La strategia commerciale di Pommery si basa sulla differenziazione del prodotto in base ai canali, una scelta che definirei molto coraggiosa. Siamo attivi nei primi tre segmenti top (prestige, super premium e premium) e lavoriamo sui prodotti in base alla distribuzione che poi avranno. I canali principali sono tre: il mercato off trade, che ha una linea dedicata, il premium, e il mercato b2b, attraverso collaborazioni con altre grandi aziende come Bmw ed Estée Lauder, che promuovono il proprio brand attraverso le nostre attività. Con la causa d’auto, per esempio, sviluppiamo il Concorso d’Eleganza Villa d’Este, mentre con il brand di beauty organizziamo un trofeo di golf.
Qual è il segmento che vi dà maggiore soddisfazione?
Senza dubbio quello premium: abbiamo una distribuzione selettiva che copre le fasce alte, tramite partnership con grandi catene di hôtellerie e di ristoranti, in primis quelli che appartengono al circuito Michelin e ai Jeunes Restaurateurs. Tra gli alberghi in Italia con cui abbiamo instaurato i rapporti più saldi ci sono, per esempio, il Four Seasons e il Park Hyatt di Milano, il Westin Europa&Regina di Venezia, ma anche il Gran Meliá di Roma. E poi c’è tutto il segmento leisure, che comprende anche golf club, spa e in generale tutti i luoghi di convivialità e scambio.
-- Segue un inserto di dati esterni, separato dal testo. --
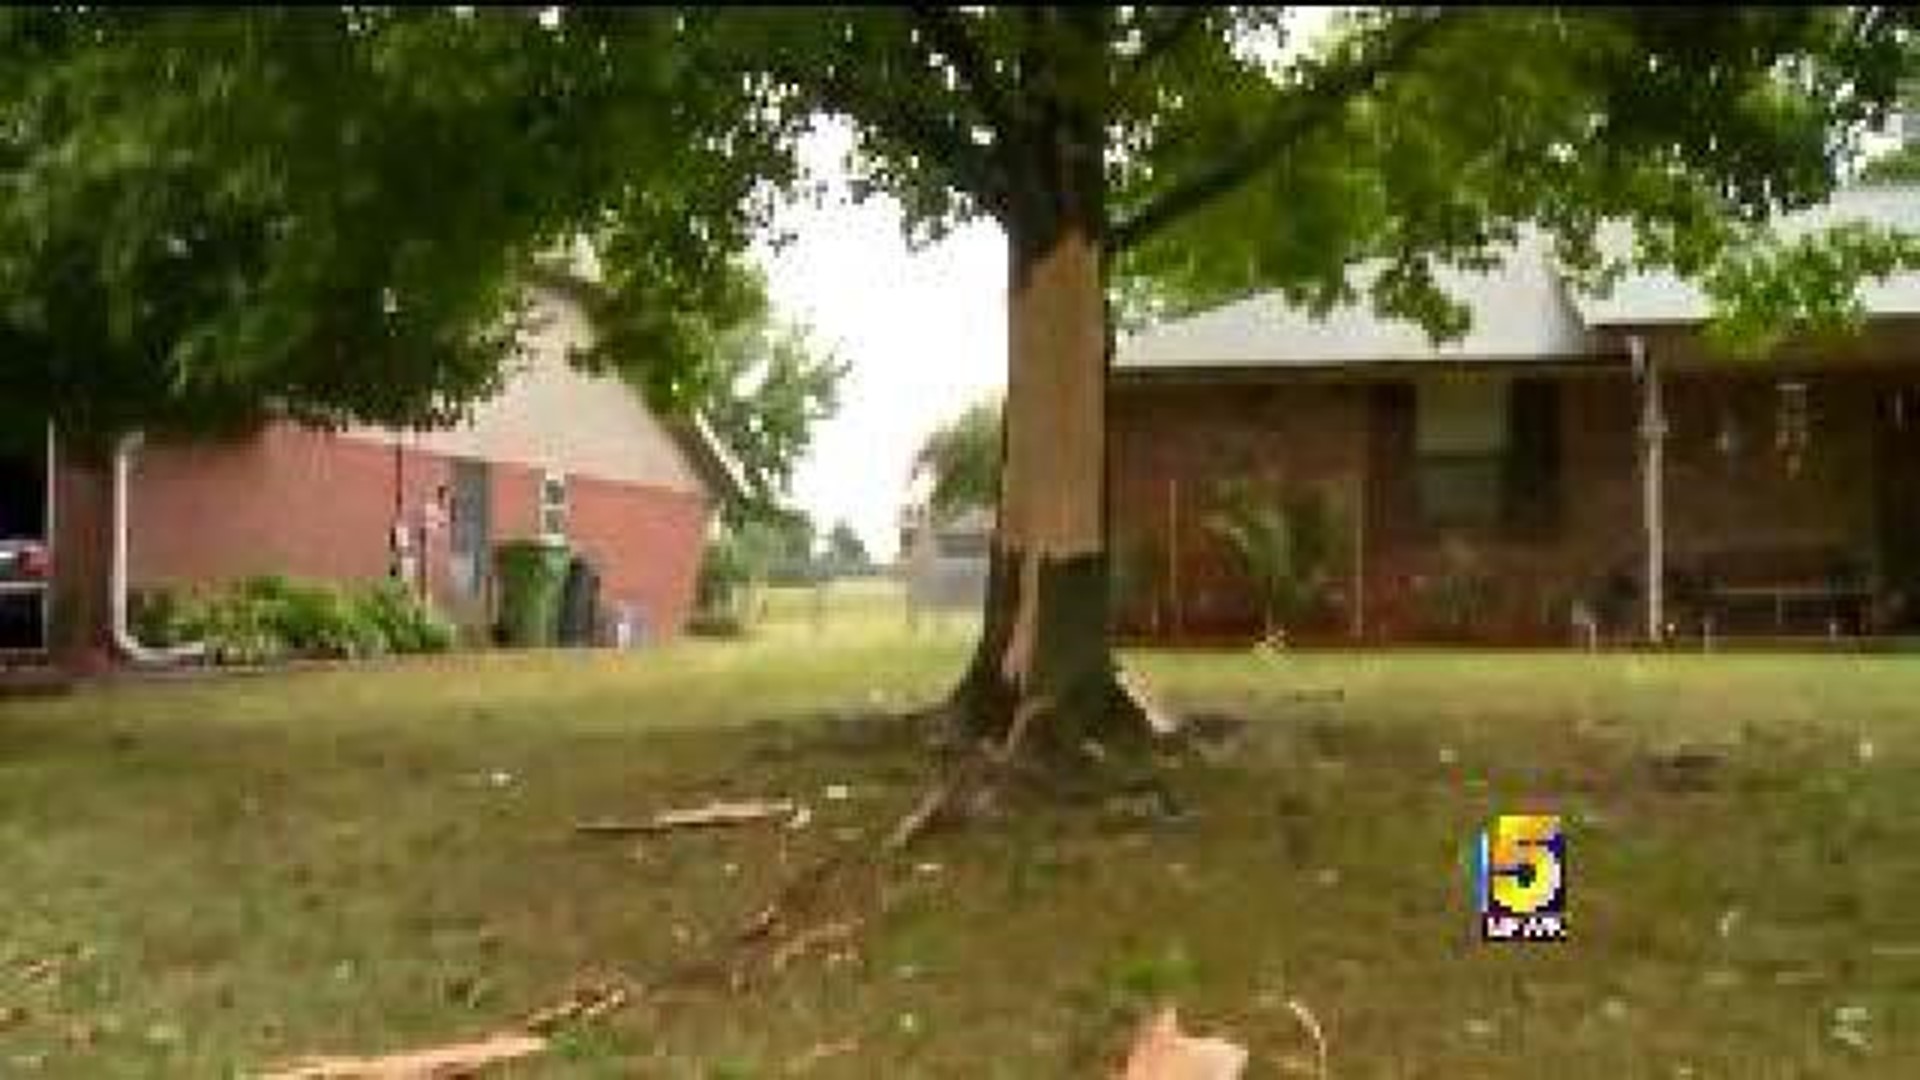 Neighbors Hear Explosion, See Tree Damage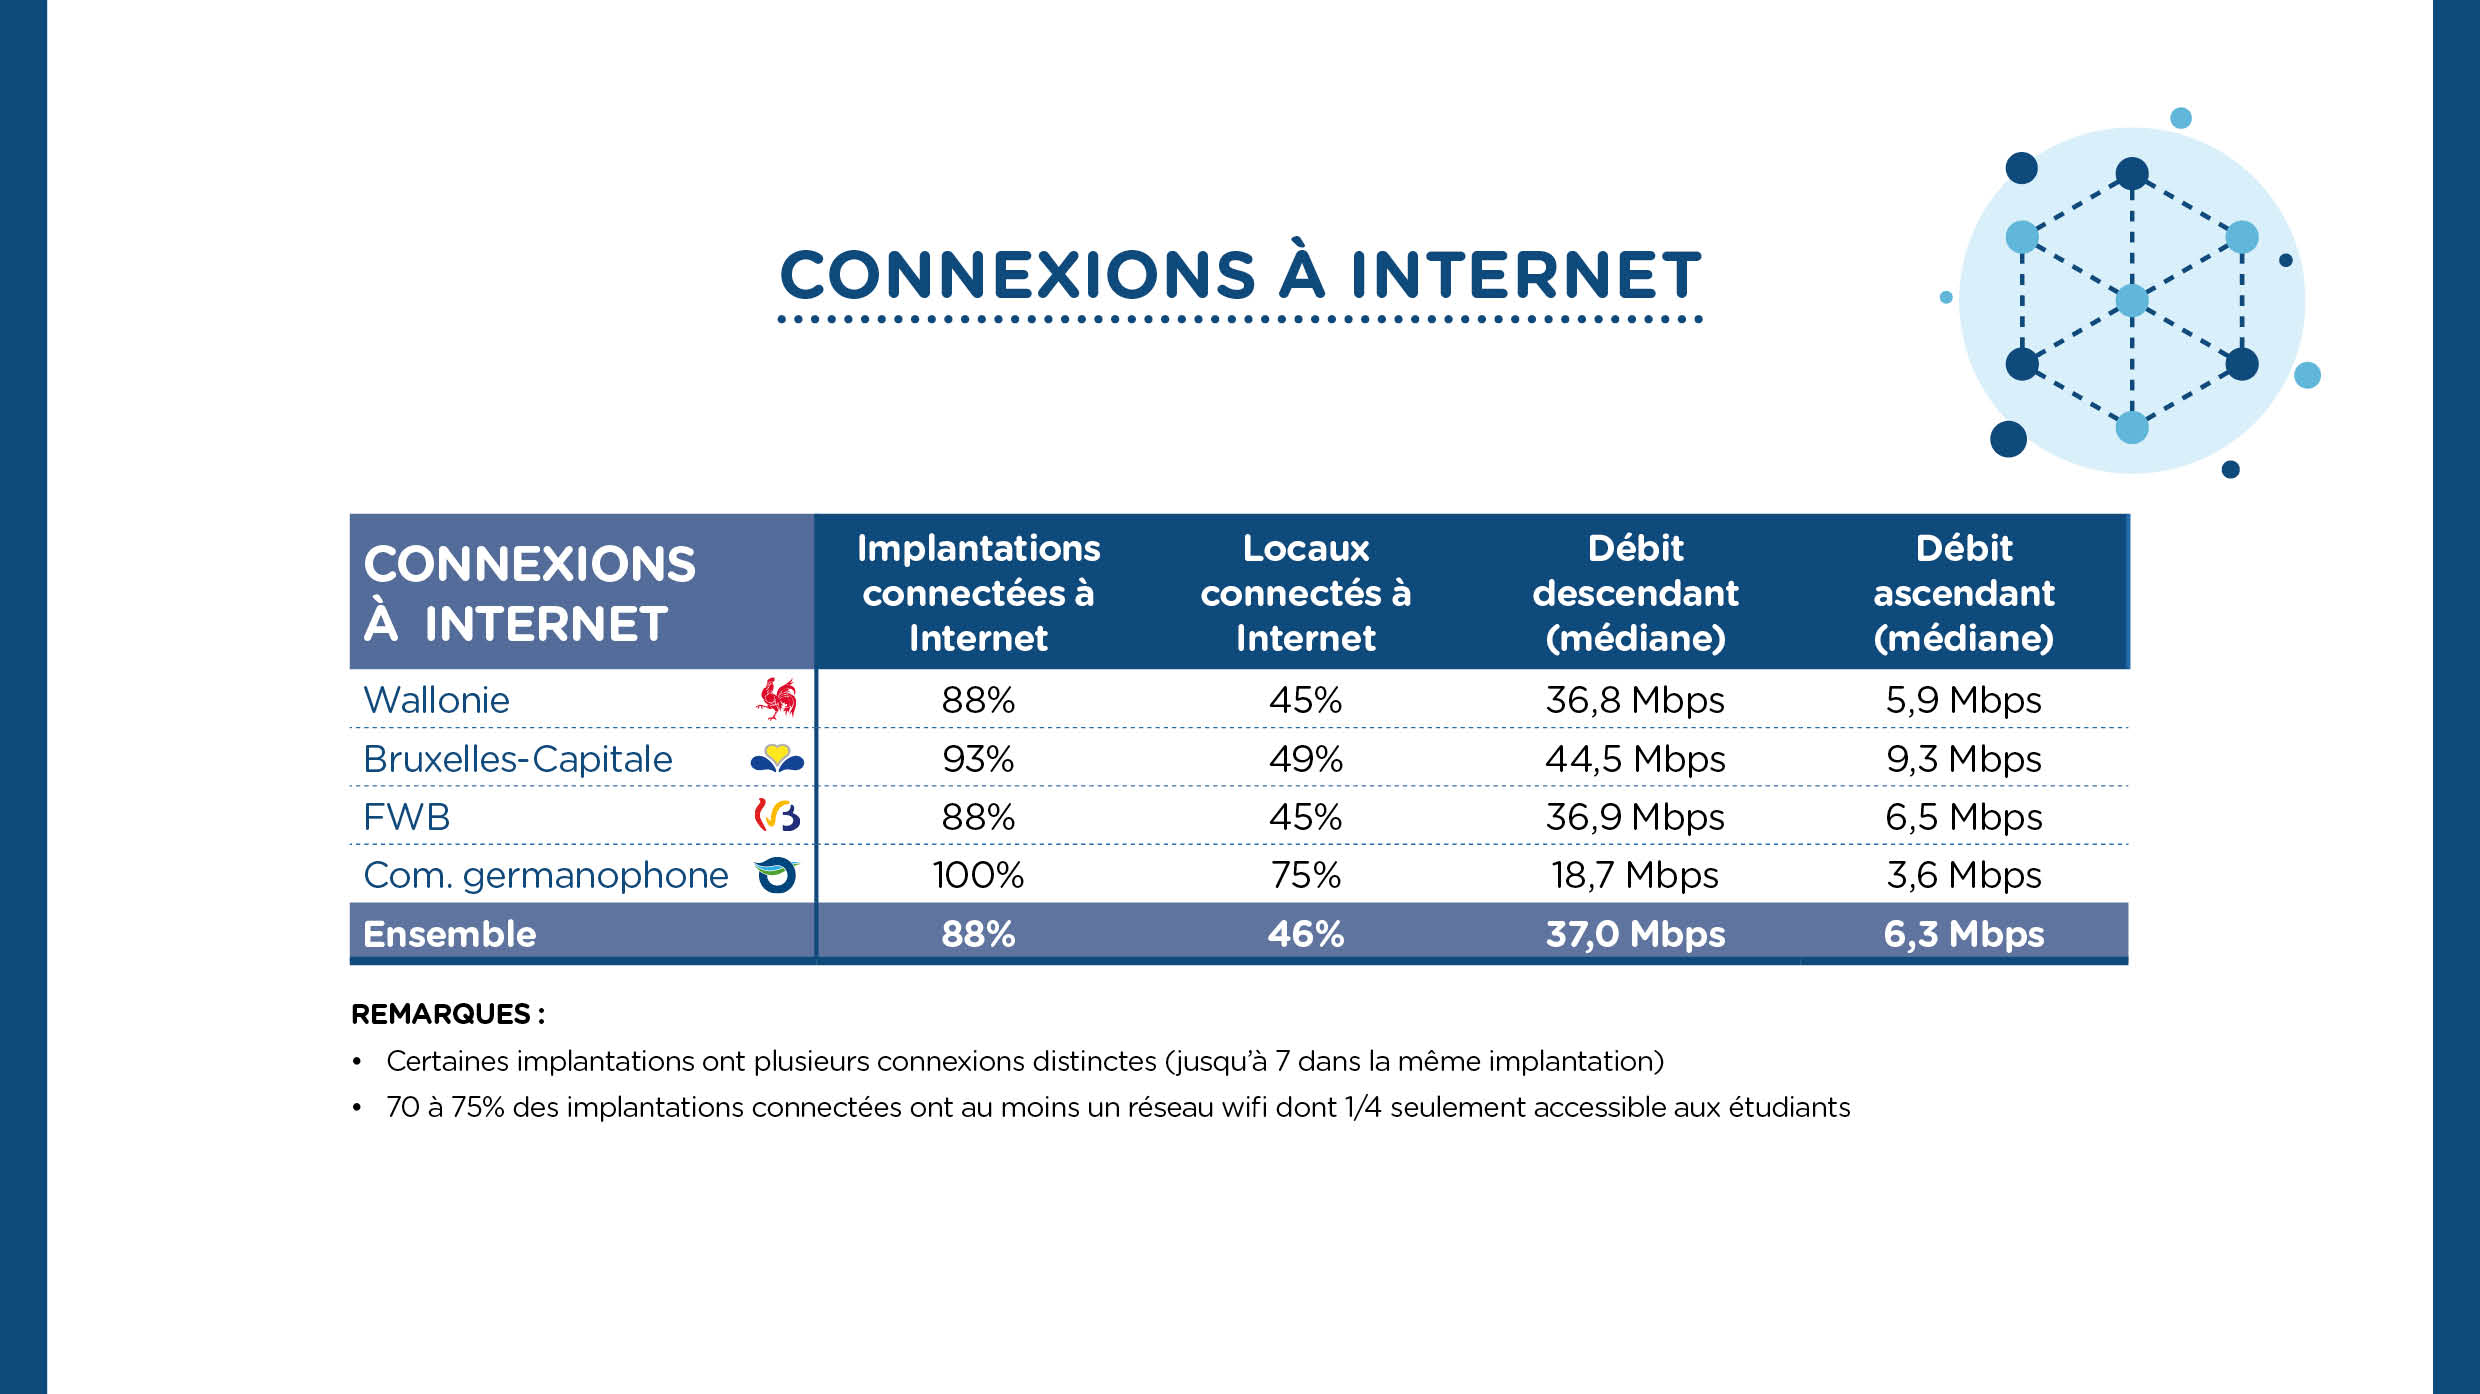 Barom%C3%A8tre-Digital-Wallonia-2018-Education-Num%C3%A9rique-Connexions-Internet.jpg

Lei è entrata in azienda nel 2008 e ha poi raggiunto il ruolo di CEO della filiale italiana. Da due mesi però ha assunto anche la carica di International Direction Sales Prestige. Quali sono le sfide e gli obiettivi da raggiungere?
Condurre la maison nei luoghi più rappresentativi dell’accoglienza e della ristorazione d’eccellenza, partendo dalla Francia per poi estendersi all’internazionale. E ribadire ogni giorno il fil rouge che ci lega alla nostra storia, alle origini e all’arte. E anche alla seduzione: lo champagne non è un vino né un prodotto commerciale. È un mezzo di relazioni, un modo potente per avvicinarsi a qualcuno: non è un caso che Madame de Pompadour, nel Settecento, lo abbia introdotto nelle corti per sedurre re e cortigiane. Ha un forte messaggio vocativo e un grande impatto sui nostri rapporti quotidiani in ogni ambito. La mia missione è trasferire questo messaggio ai nostri partner e ai clienti finali.
Qual è il target price del vostro champagne in Italia?
La forchetta del prezzo retail nel nostro Paese varia tra i 27 e i 34 euro.
A livello di prodotto nel 2016, anniversario del marchio, avete lanciato il primo nature nella storia della maison…
La Cuvée Louise 2004 Nature è uno champagne eccezionale, quasi più vicino al vino con la sua anima eterea, leggera e raffinata. Anche in questo caso si tratta di un’esperienza, molto più che di un prodotto. Andremo avanti in questo senso.